#### [Directions]
Give the listing again word for word. Skip the pictures.
*** Opening Exercise data ***
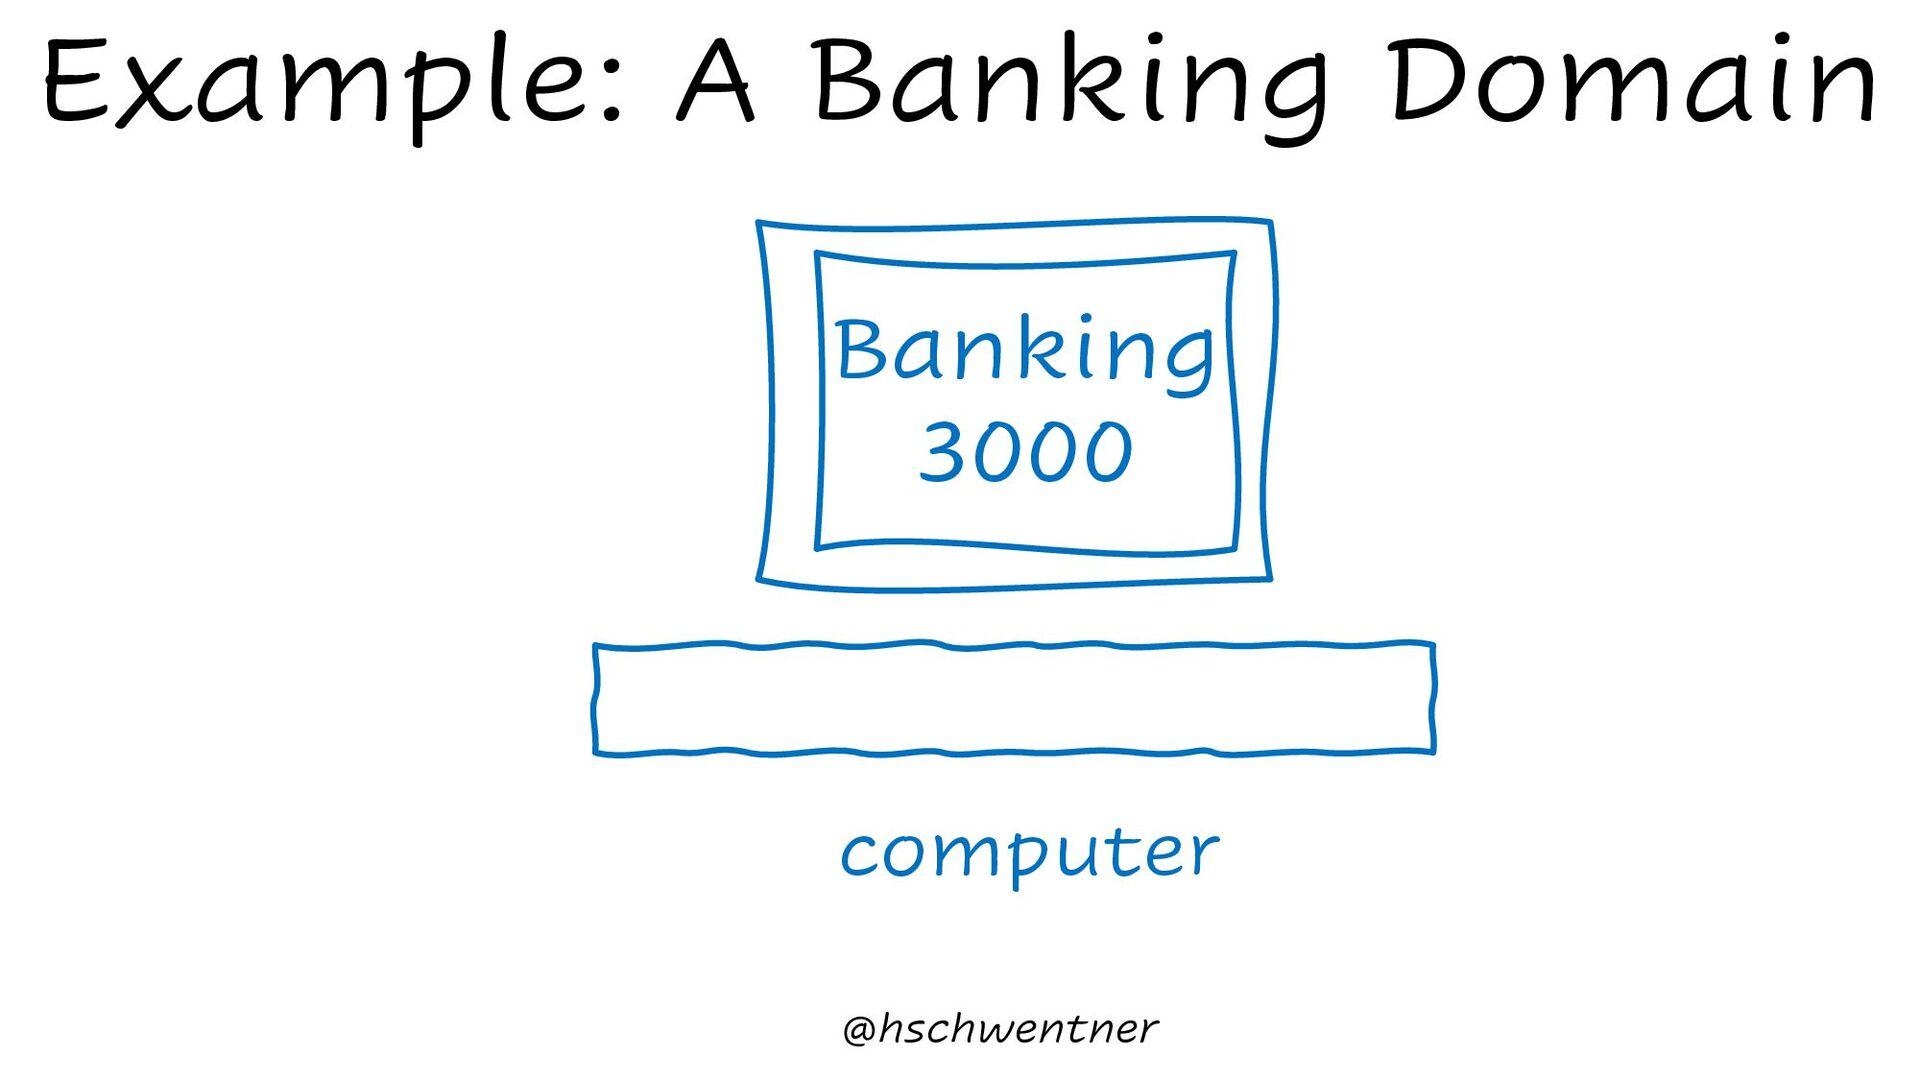 @hschwentner No Architecture Program
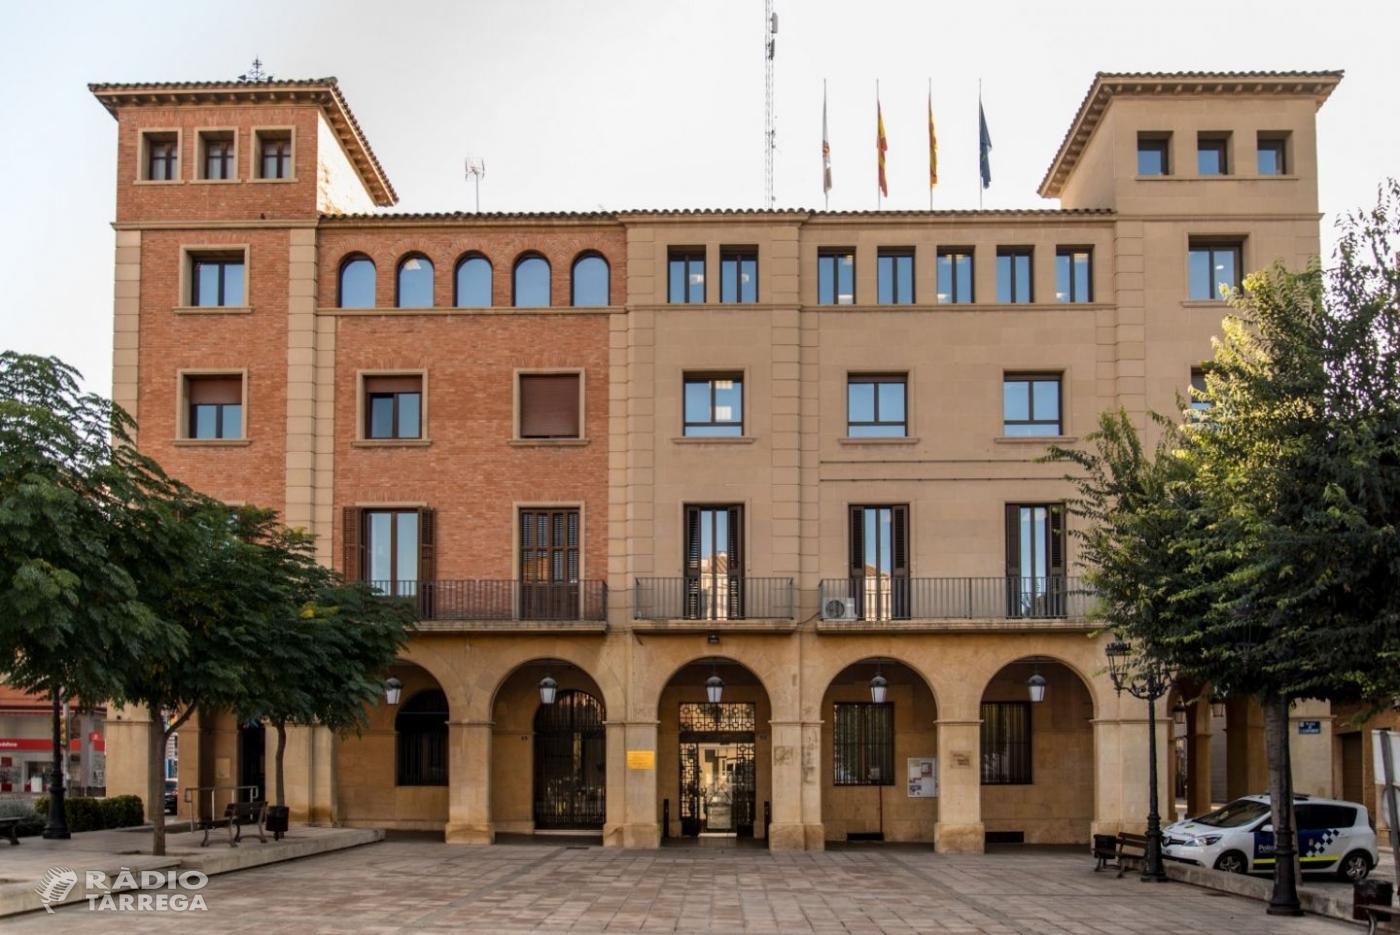 L'Ajuntament de Mollerussa confirma els dos primers casos de coronavirus a la ciutat i reuneix el comitè d'emergència
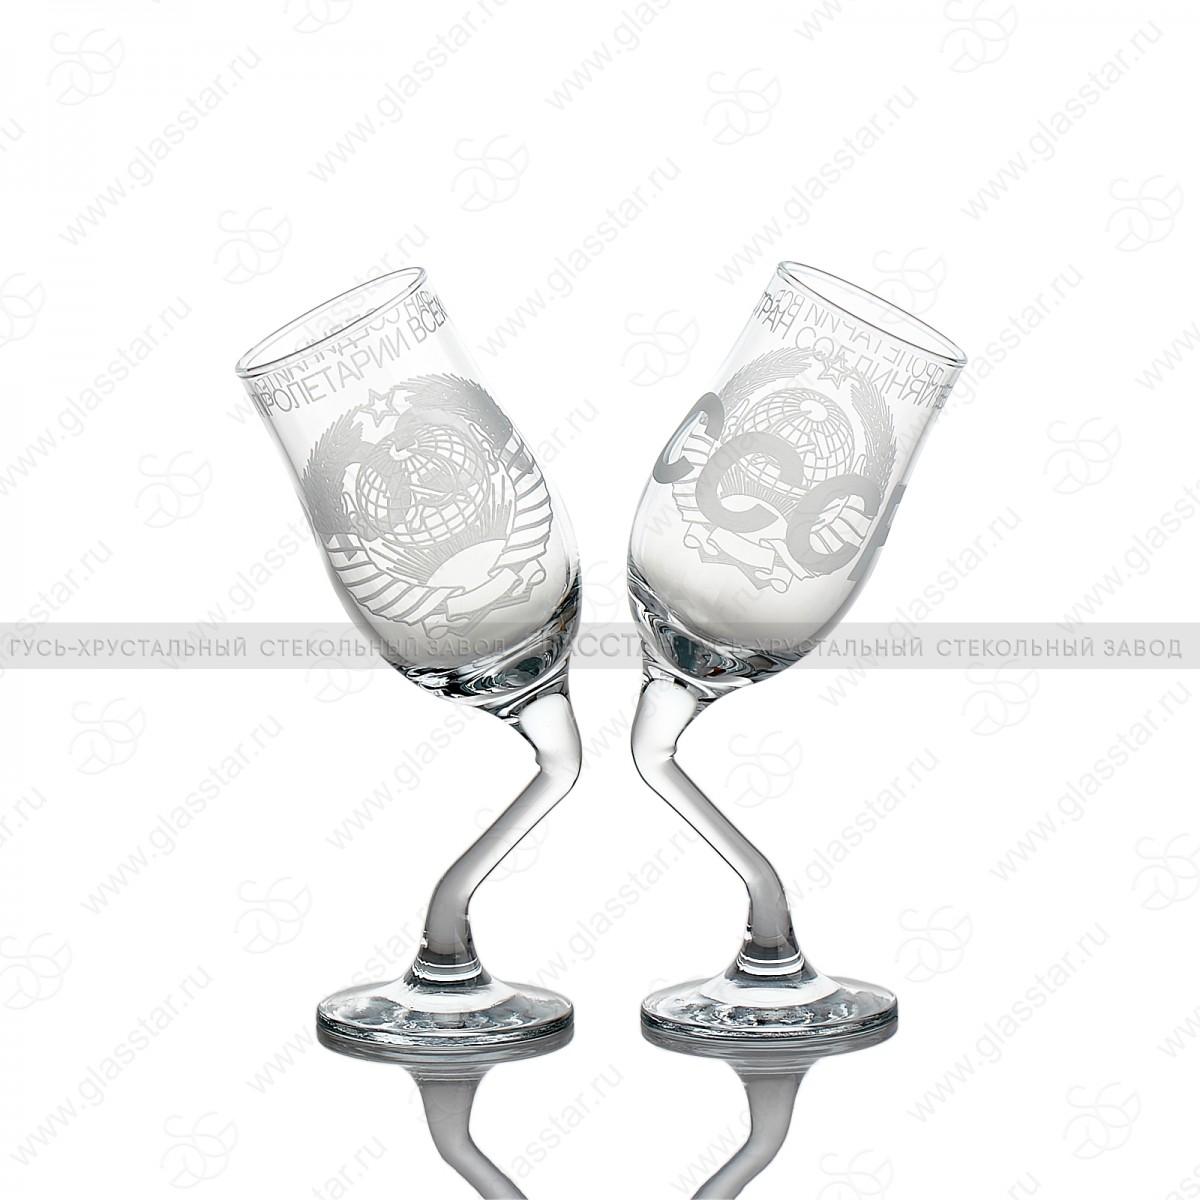 Набор из 2 бокалов «Пьяные бокалы», рисунок «СССР», 200 мл
*** Closing Exercise data ***
#### [Written solution]
 @hschwentner No Architecture Program
 L'Ajuntament de Mollerussa confirma els dos primers casos de coronavirus a la ciutat i reuneix el comitè d'emergència
 Набор из 2 бокалов «Пьяные бокалы», рисунок «СССР», 200 мл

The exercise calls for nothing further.